Monday, Oct. 12, 1931
The Hoover Week
President Hoover is much given to reading about himself in the newspapers. A published personal anecdote about himself is often as irksome to him as the well-directed digs of his Democratic opponents. If he had picked up the New York Herald Tribune last week and turned to the first page, second section, it is possible that the small Hoover mouth would have fallen. Trenchant Liberal Walter Lipmann had read Citizen Coolidge's cool renunciation of presidential aspirations in the Satevepost (TIME, Oct. 5), had detected therein no accolade for President Hoover but a singular difference in character between Citizen and President. Excerpts:
"[Mr. Coolidge] appears, there, as a man who has thought out and arrived at a clear, a well ordered, rather narrow, if you like, but entirely consistent set of convictions about the functions of the President. ... It turns out that what his [President Hoover's] critics complain about is that Mr. Hoover is indecisive and hesitant about dealing with political issues and extraordinarily fertile, impulsive and energetic in trying to influence matters that lie outside the duties of his realms and his powers.

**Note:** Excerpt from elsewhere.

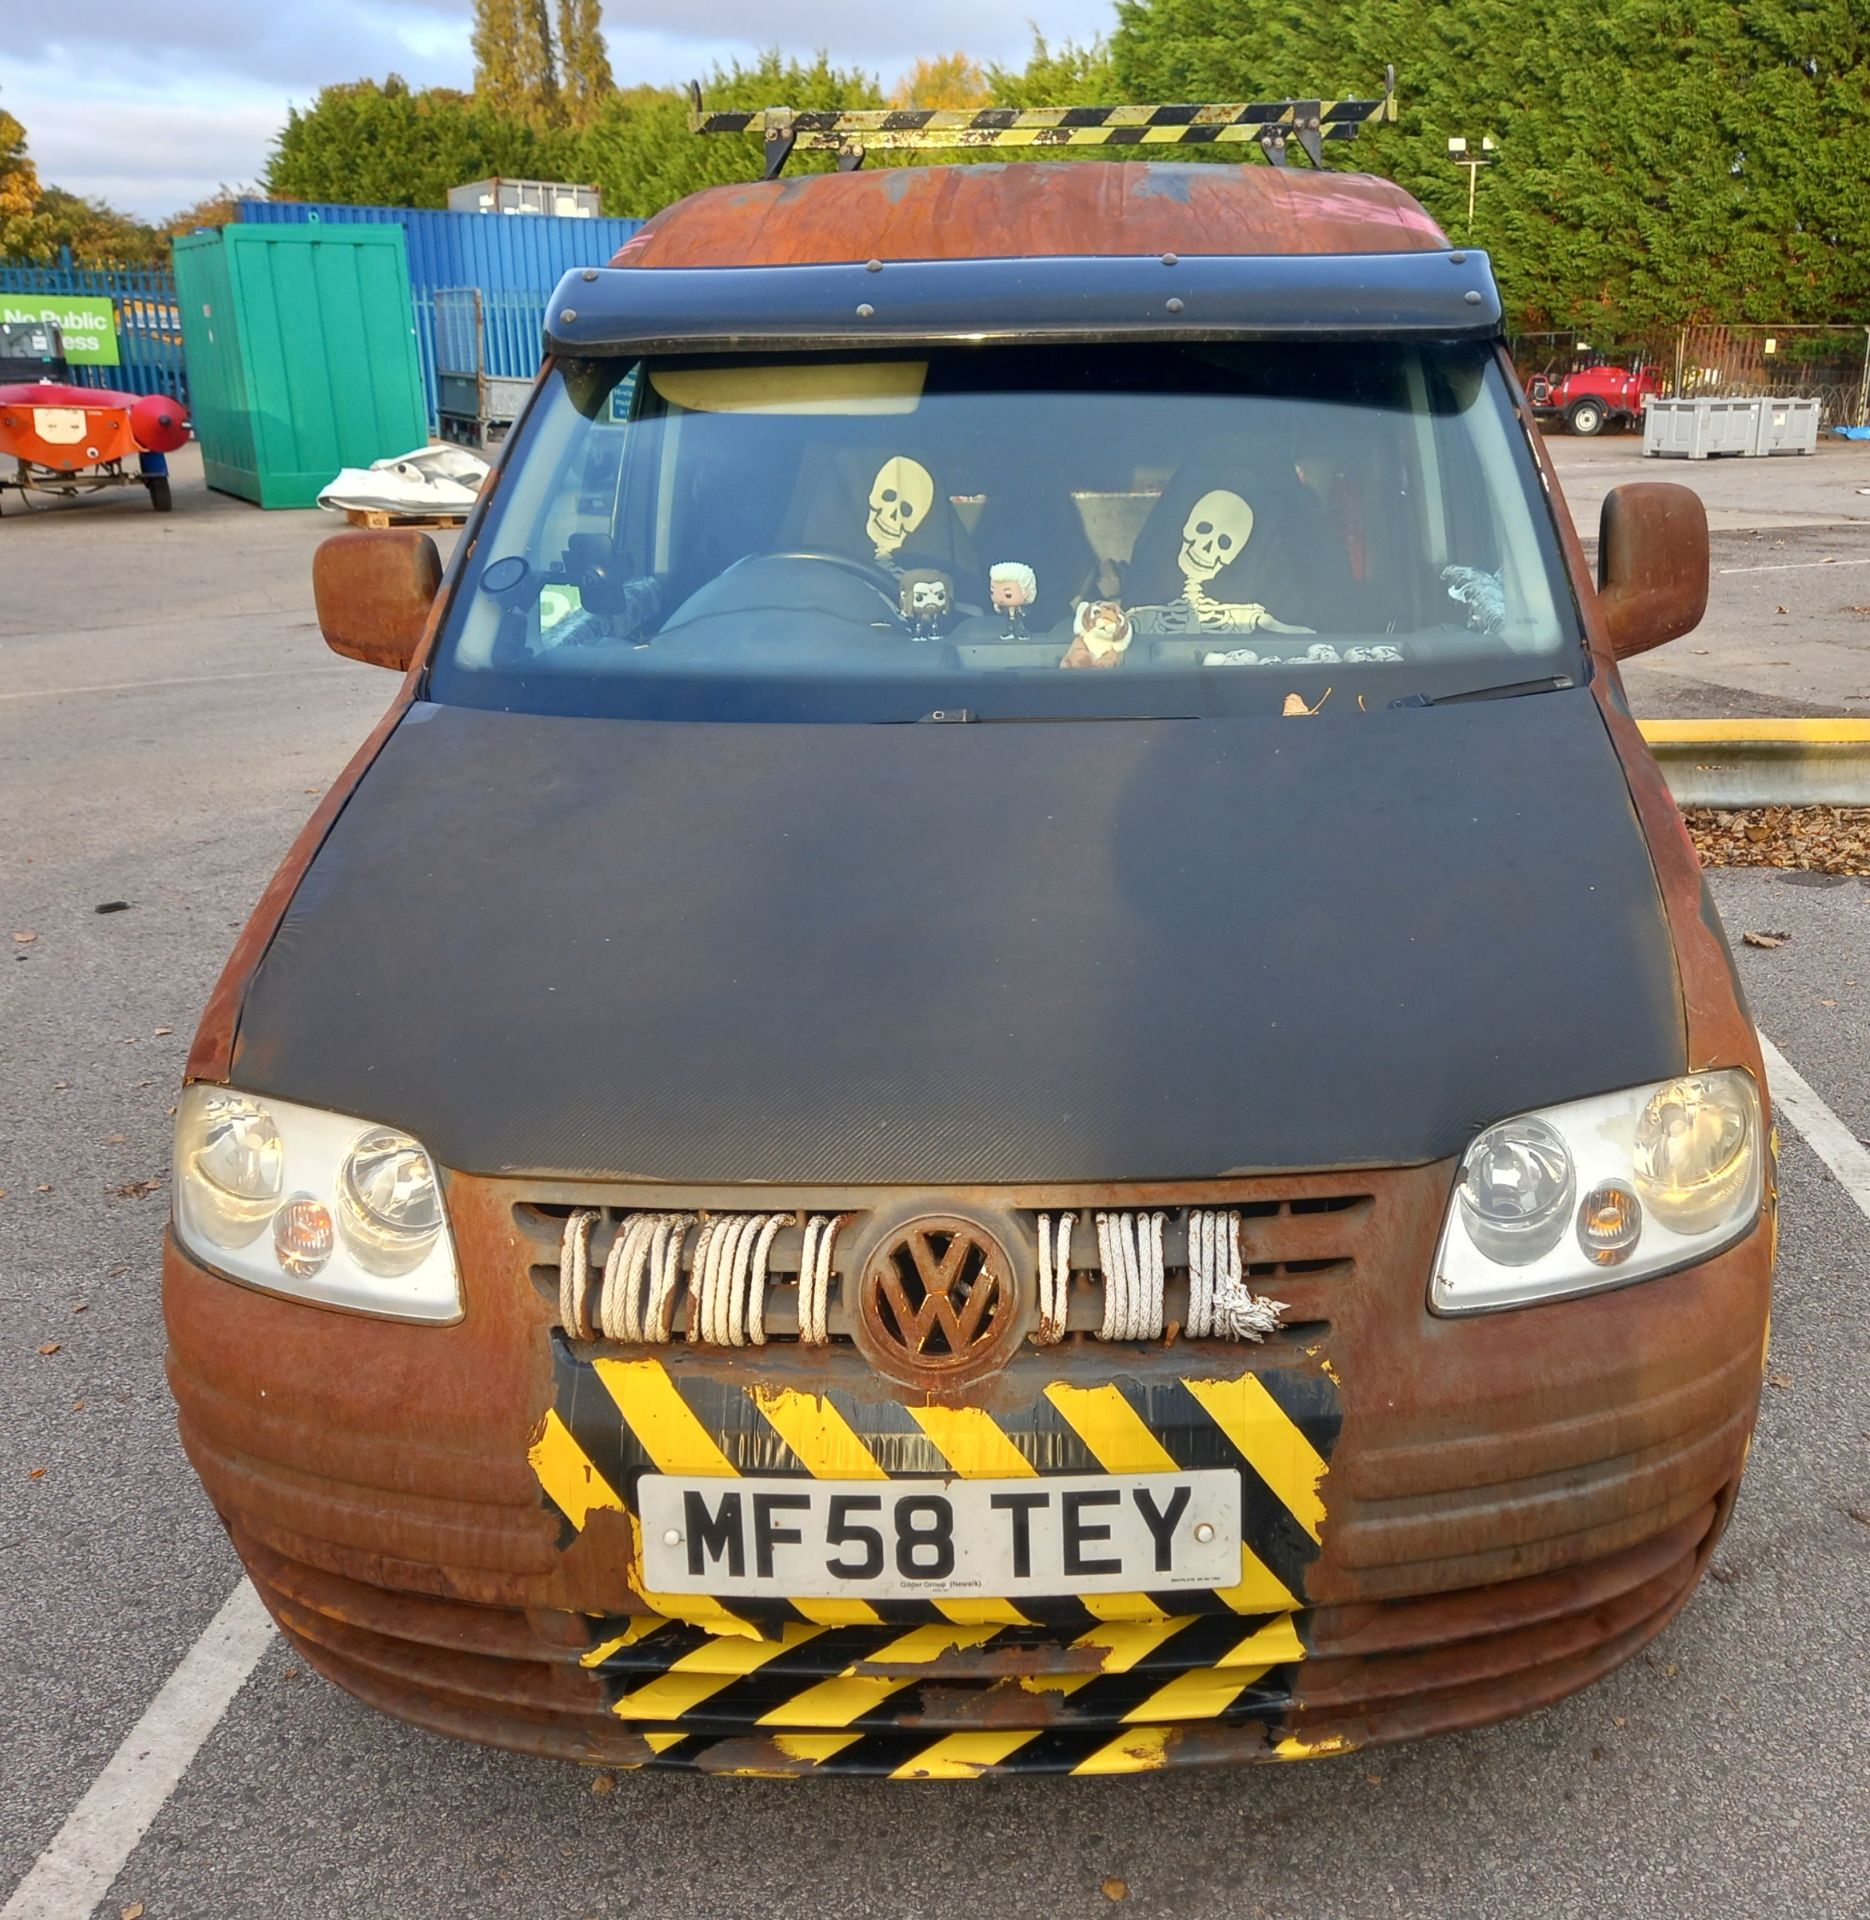 2008 (58) Volkswagen Caddy C20 TDI 1896cc converted day van with rust effect paint - Image 7 of 53

"Thus in meeting this depression he has in respect to those elements which are governmental and require his leadership--like tariffs, debts, reparations, political stabilization--been extremely disinclined to act and greatly bewildered by political opposition and public criticism. He does not seem to know how the political functions of the President are exercised effectively, and to be rather dismayed at not knowing. On the other hand, he has had the utmost confidence and boldness in attempting to guide and oversee the industrial life of the country, initiating major policies as to wages, purchases of raw materials, capital investment and what not. Scarcely a week passes but some new story comes out of Washington as to how Mr. Hoover has had somebody on the telephone and is attempting to fix this situation or that." P: A secretary was instructed to bring in little slips of paper and put them on President Hoover's desk last week. Curious visitors saw that they were inning-by-inning returns from the World Series baseball games in St. Louis. For the third game the President trained to Philadelphia, threw in the first ball (and got it back as a souvenir), watched the St. Louis Cardinals (National League) whip the Philadelphia Athletics (American League). Not till the game was over did he learn of the sudden death of Senator Dwight Whitney Morrow (see below), though thousands of radio listeners heard Graham McNamee interrupt his play by play description of the game to flash the news. Leaving Shibe Park, a bulletin was handed to President Hoover. Secretary Theodore Joslin spoke for him: "The President is greatly shocked. . . . He will enlarge on that statement when he returns to Washington." P: Prior to leaving for his Rapidan camp last weekend, President Hoover breakfasted with Bernard Mannes Baruch, wisest of Democrats, famed director of the War Finance Corp., breakfasted and talked so long about world financial affairs that the President was two hours late getting to his office, thereby missing Secretary Mellon who had called. The late Senator Morrow in Washington to discuss details of Premier Laval's visit, called before Secretary Mellon got back. Among the Rapidan guests were: Board Chairman Julius Barnes of the U. S. Chamber of Commerce; Chairman W. Kingsland Macy of New York State's Republican Committee; Charles J. Hatburf, Philadelphia lawyer; Mark Requa, California oilman; Mark Sullivan, the President's favorite correspondent.